▶ _Exercise data_
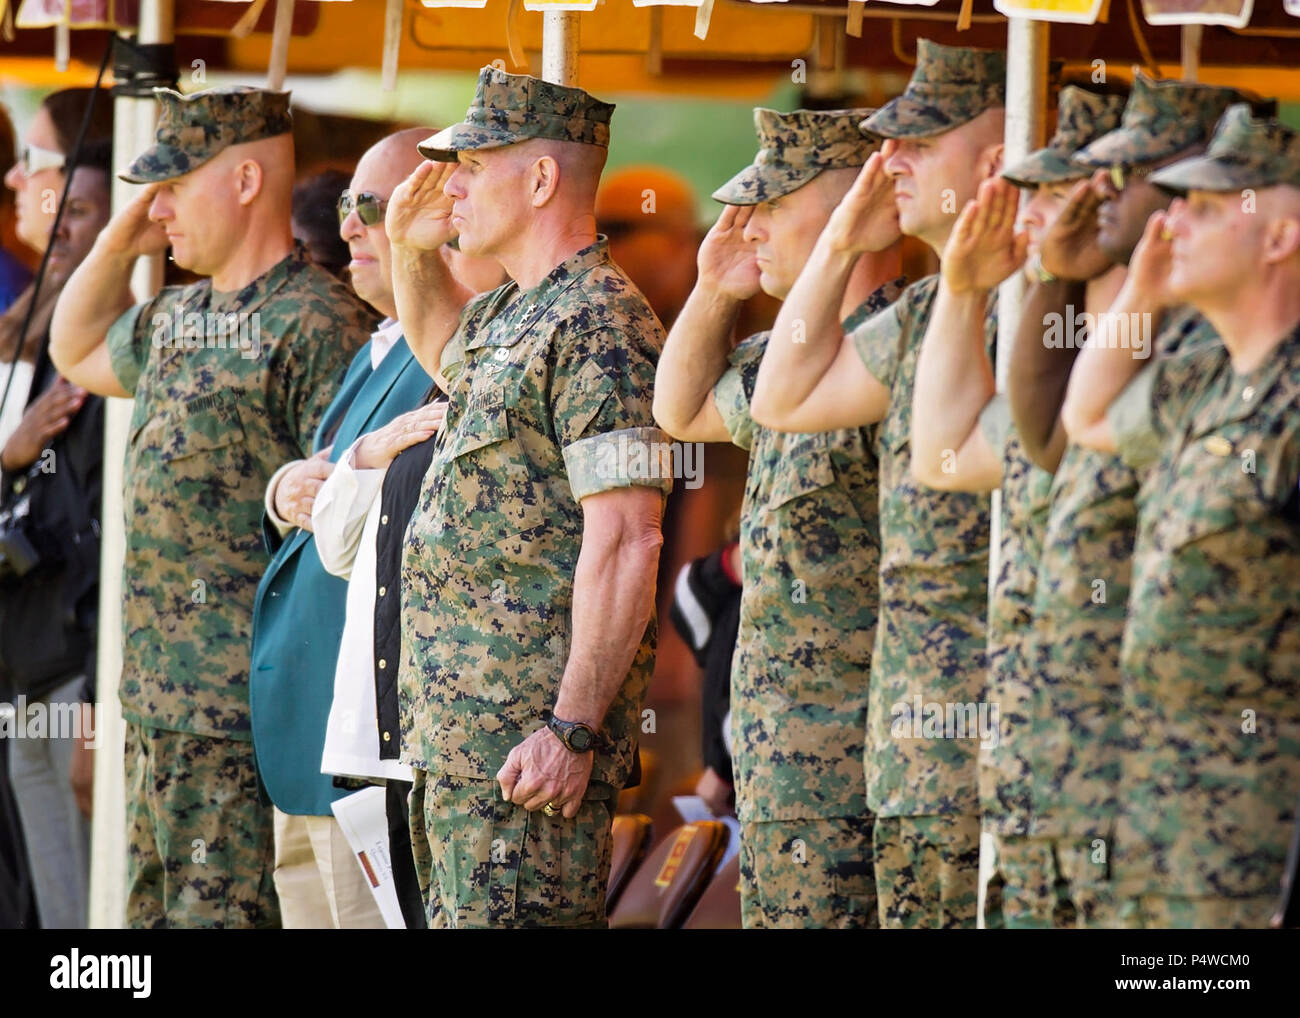 Attendees of the Centennial Celebration Ceremony salute during the playing of the national anthem at Lejeune Field, Marine Corps Base (MCB) Quantico, Va., May 10, 2017. The event commemorates the founding of MCB Quantico in 1917, and consisted of performances by the U.S. Marine Corps Silent Drill Platoon and the U.S. Marine Drum & Bugle Corps. Stock Photo
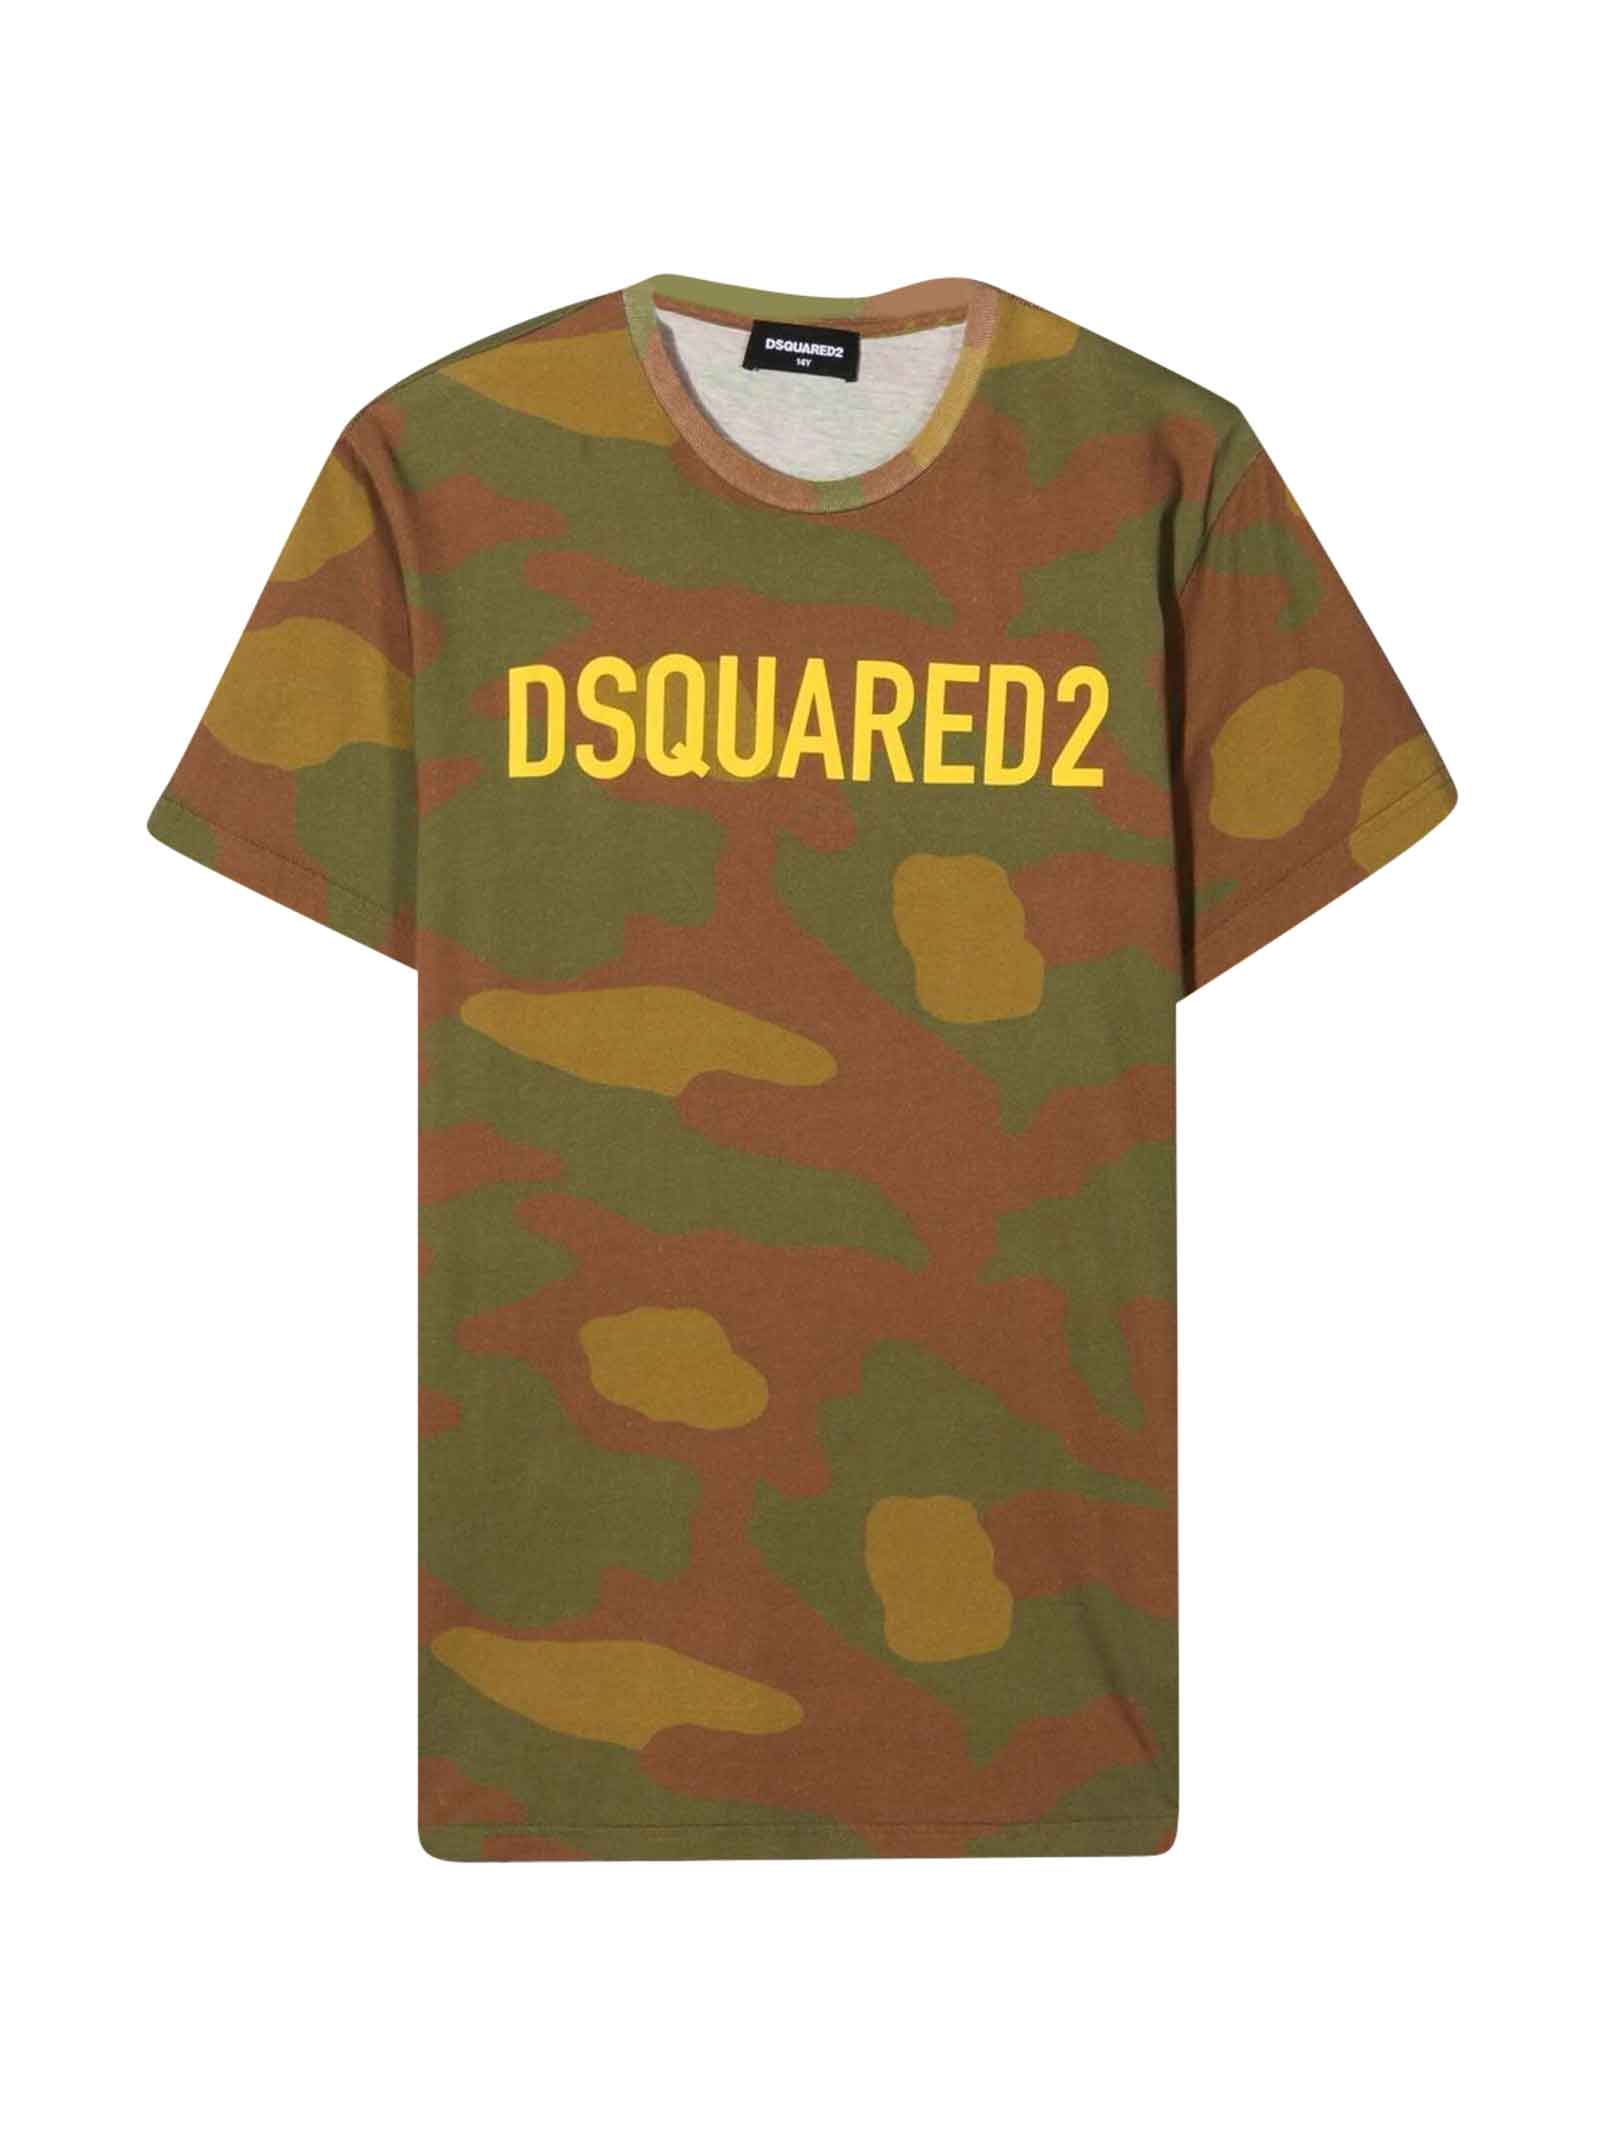 Dsquared2 Military T-shirt Unisex Teen
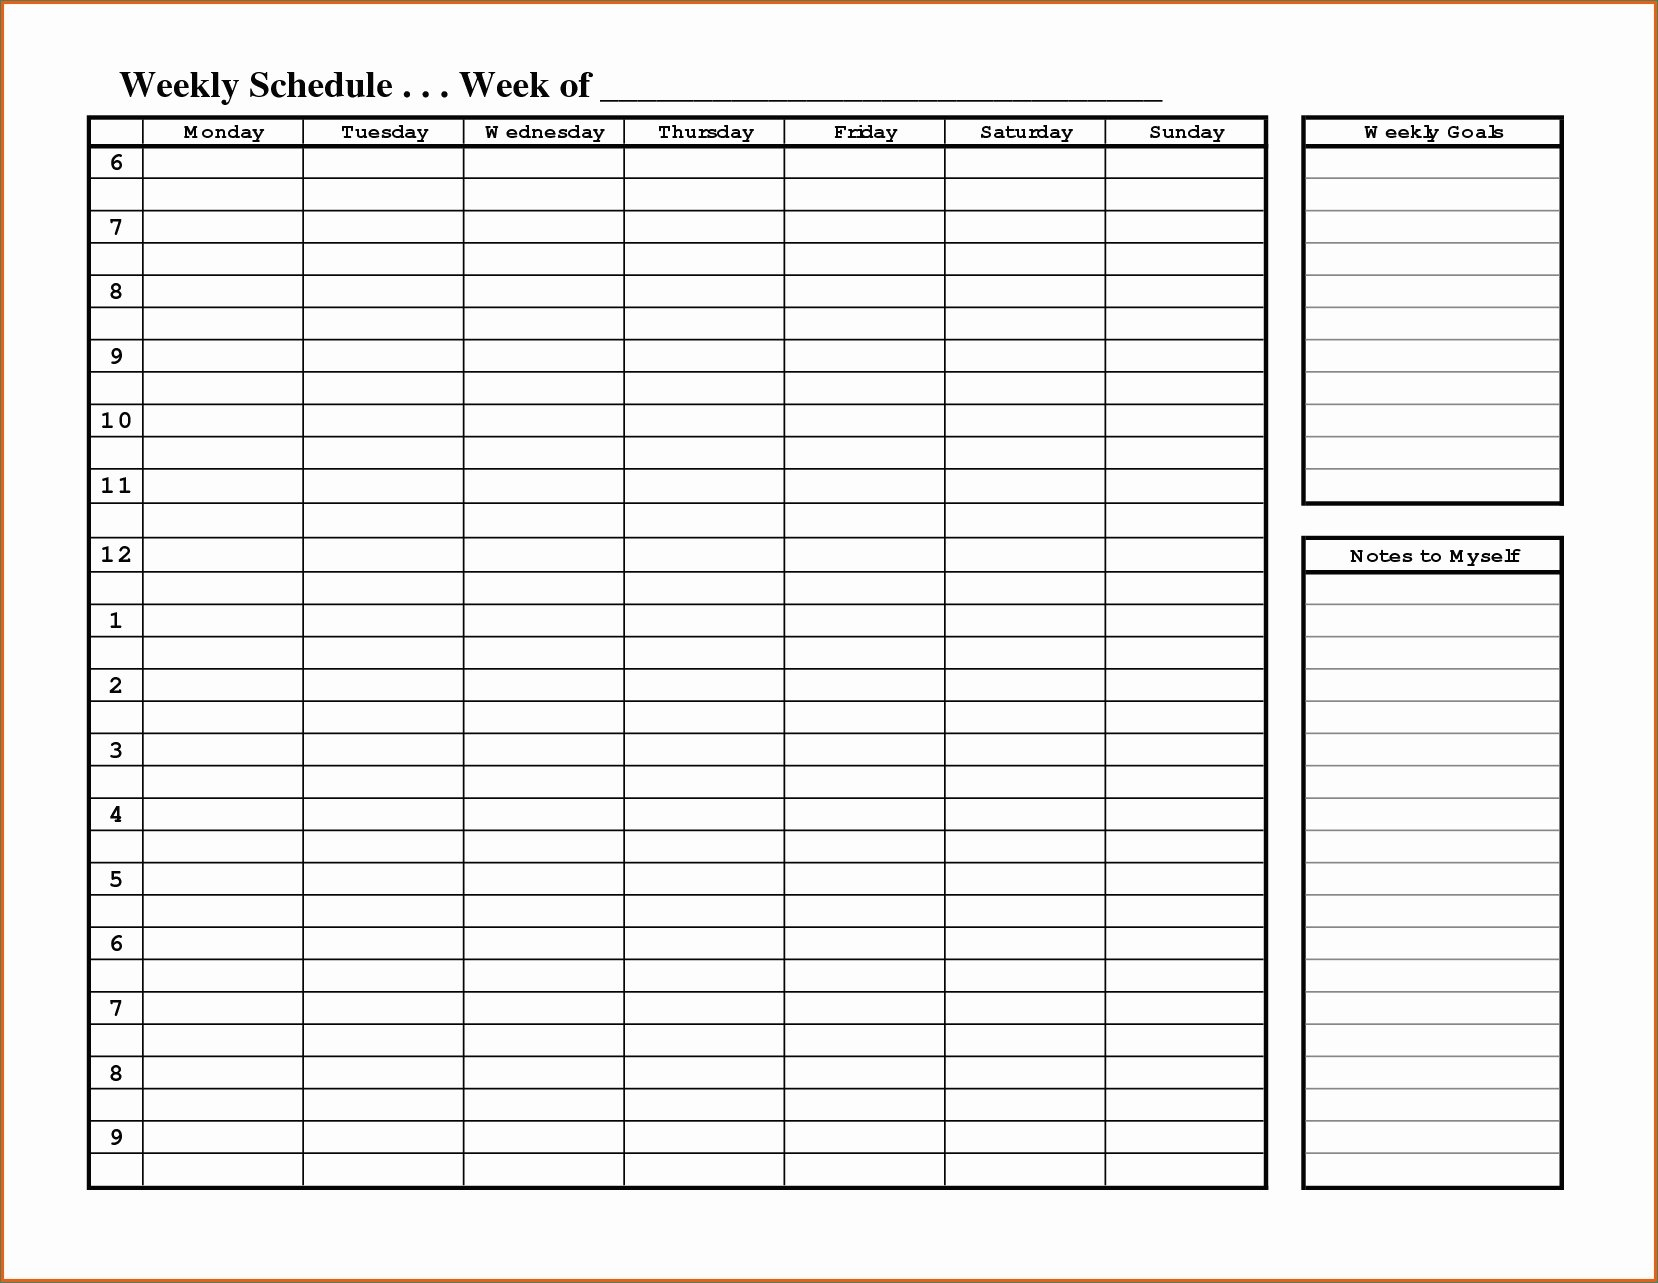 Weekday Schedule With Time Slots  Calendar Inspiration Design with regard to Weekly Calendar With Time Slots Template

▶ _What is being asked_
Would you restate the listing word for word and leave every picture out?

▶ _Final answer_
 Attendees of the Centennial Celebration Ceremony salute during the playing of the national anthem at Lejeune Field, Marine Corps Base (MCB) Quantico, Va., May 10, 2017. The event commemorates the founding of MCB Quantico in 1917, and consisted of performances by the U.S. Marine Corps Silent Drill Platoon and the U.S. Marine Drum & Bugle Corps. Stock Photo
 Dsquared2 Military T-shirt Unisex Teen
 Weekday Schedule With Time Slots  Calendar Inspiration Design with regard to Weekly Calendar With Time Slots Template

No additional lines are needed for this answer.